• _DATA PROVIDED_:
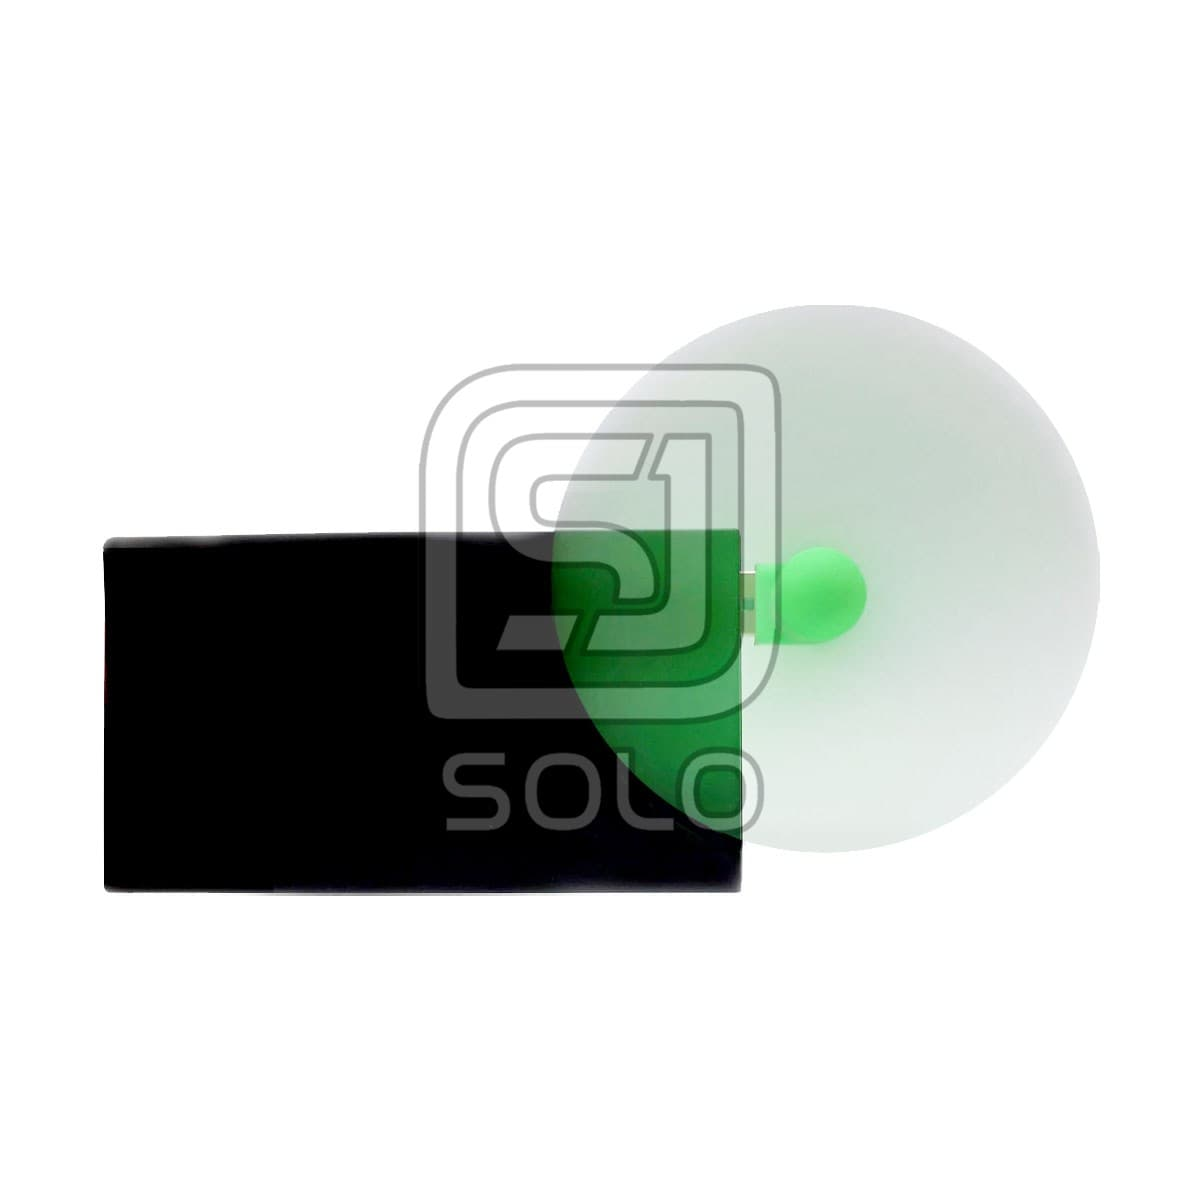 Jual Kipas Otg Hp Angin Mini Usb Micro 2in1 Fan Android Blanja
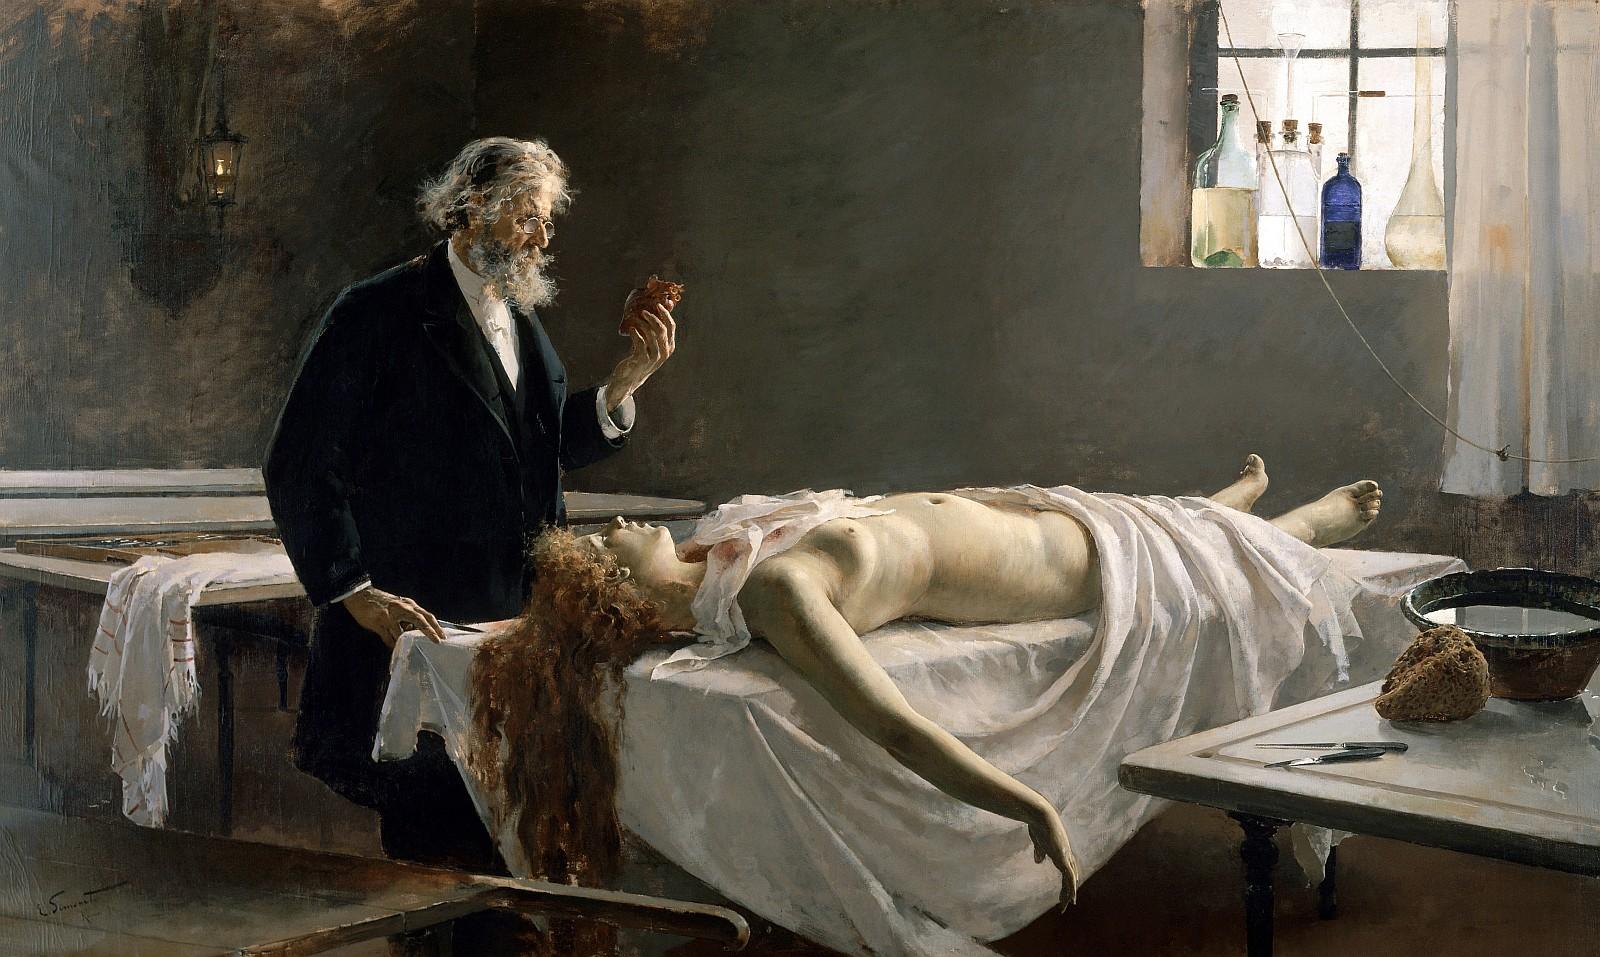 http://1.bp.blogspot.com/-Ca7r2940GTw/UY5n-7mmRSI/AAAAAAAABxA/KTcBep2Bpvw/s1600/Enrique-Simonet-autopsia-1890.jpg
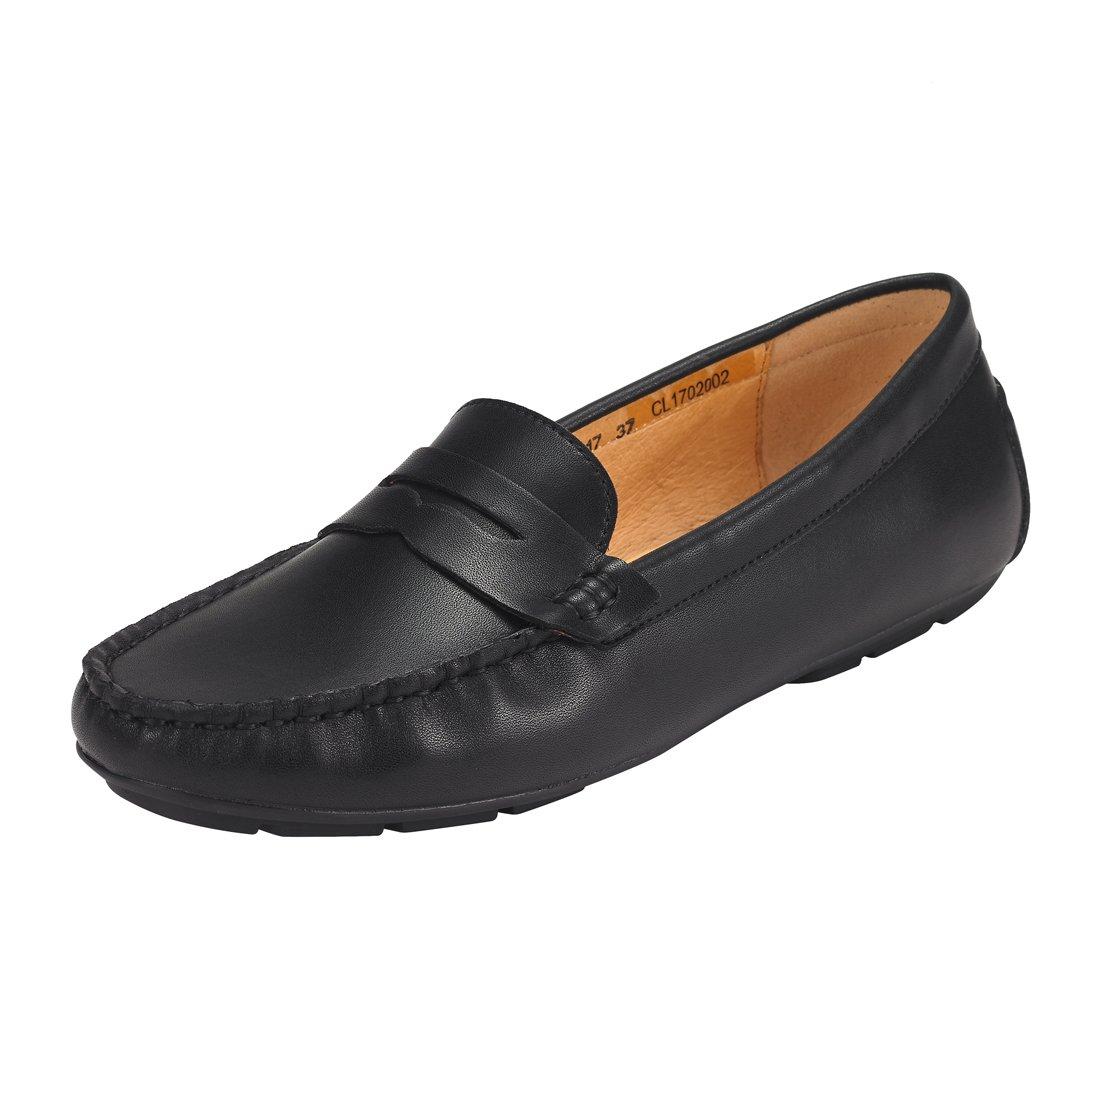 JENN ARDOR Penny Loafers for Women: Vegan Leather Slip-On Comfortable Driving Moccasins Flats-Black

• _PROBLEM REQUIREMENTS_: The whole listing above must be set down again exactly, but without its images.

• _SOLUTION FOR THIS EXERCISE_:
 Jual Kipas Otg Hp Angin Mini Usb Micro 2in1 Fan Android Blanja
 http://1.bp.blogspot.com/-Ca7r2940GTw/UY5n-7mmRSI/AAAAAAAABxA/KTcBep2Bpvw/s1600/Enrique-Simonet-autopsia-1890.jpg
 JENN ARDOR Penny Loafers for Women: Vegan Leather Slip-On Comfortable Driving Moccasins Flats-Black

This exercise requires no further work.